The California Supreme Court on Aug. 29 ruled against plaintiff Mikayla Hoffman in a case that tested whether property owners owed a duty of care to someone they didn’t personally invite. Donald and Christina Young’s son Gunner asked Hoffman to his parents’ motocross track in Paso Robles in 2014.

Gunner asked Hoffman to ride in a driveway while he took a warm-up lap on the track, but she drove her motorcycle onto the track in the opposite direction of Gunner. The two collided, and Hoffman sued the Youngs.

Landowners owe no duty of care to someone who enters their property for recreational purposes unless they “expressly” invite them, the ruling says. The court was tasked with determining if that exception applied when a live-at-home child invites someone without the parents’ knowledge.

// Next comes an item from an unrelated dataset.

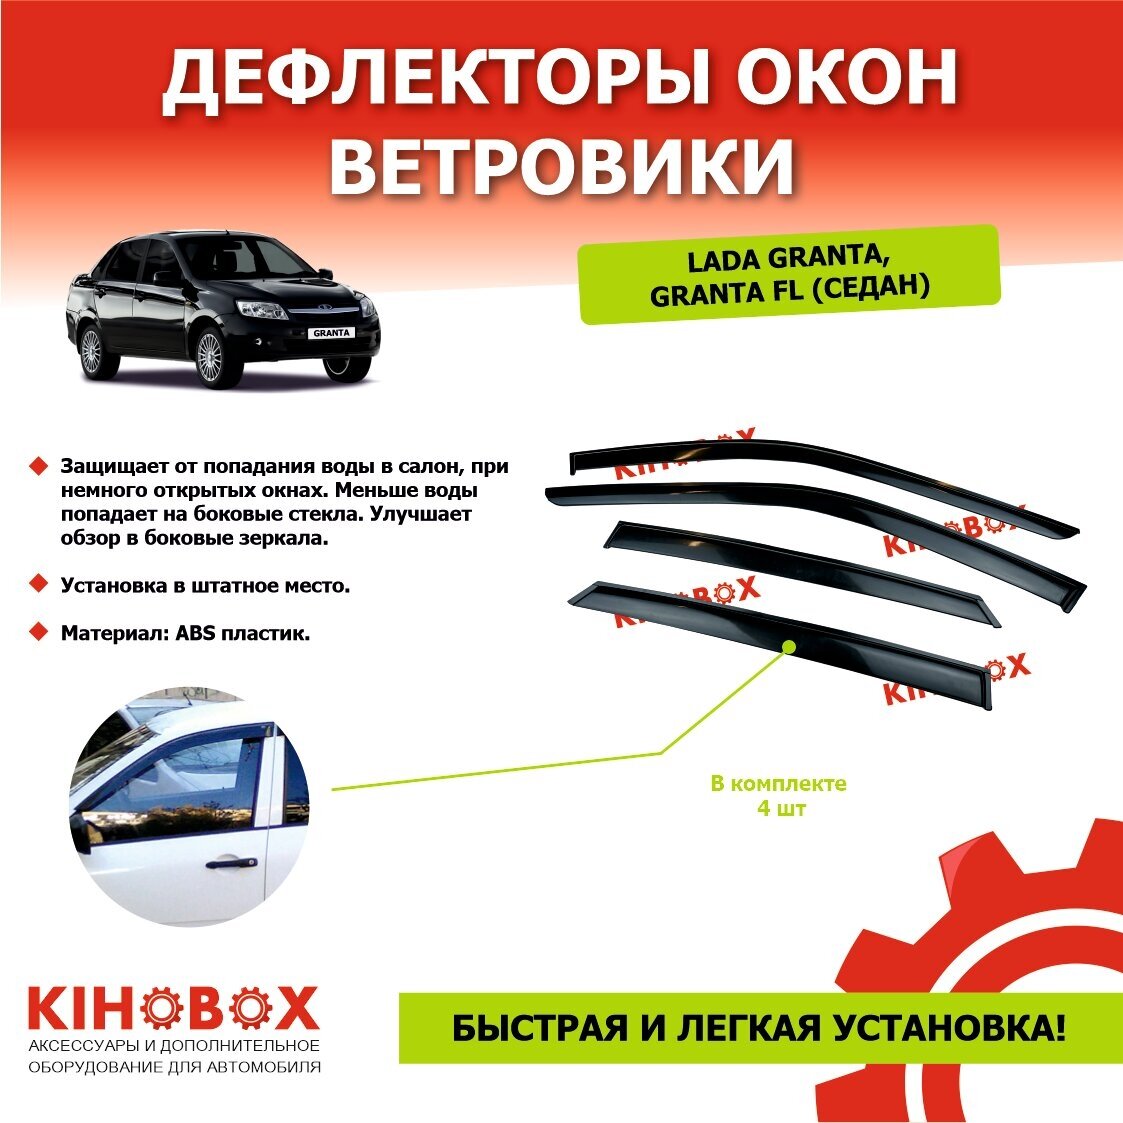 Дефлекторы окон ветровики на Лада Гранта , FL, Калина седан (4 шт) ABS пластик (не просвечивается) KIHOBOX АРТ 5907102

“Common social convention would indicate that parents often permit a child, even a minor of a certain age, to invite social guests onto the family property,” the ruling says. “However, that convention standing alone would be insufficient to create an agency relationship.

“As the case law makes clear, to constitute an agency relationship the authority delegated must be that ‘which permits the agent to act not only for, but in the place of, his principal’ in dealings with third parties.”

The decision overturned a ruling by the Second Appellate District that, the majority ruled, failed to distinguish between “expressly invited” and “merely permitted.”

“Plaintiff seeks the shelter of this exception. Accordingly, she should bear the burden of persuasion on the point,” the Supreme Court said.

“(The Second District) improperly placed the burden on defendants to show they had prohibited Gunner from extending an invitation in order to retain their immunity.”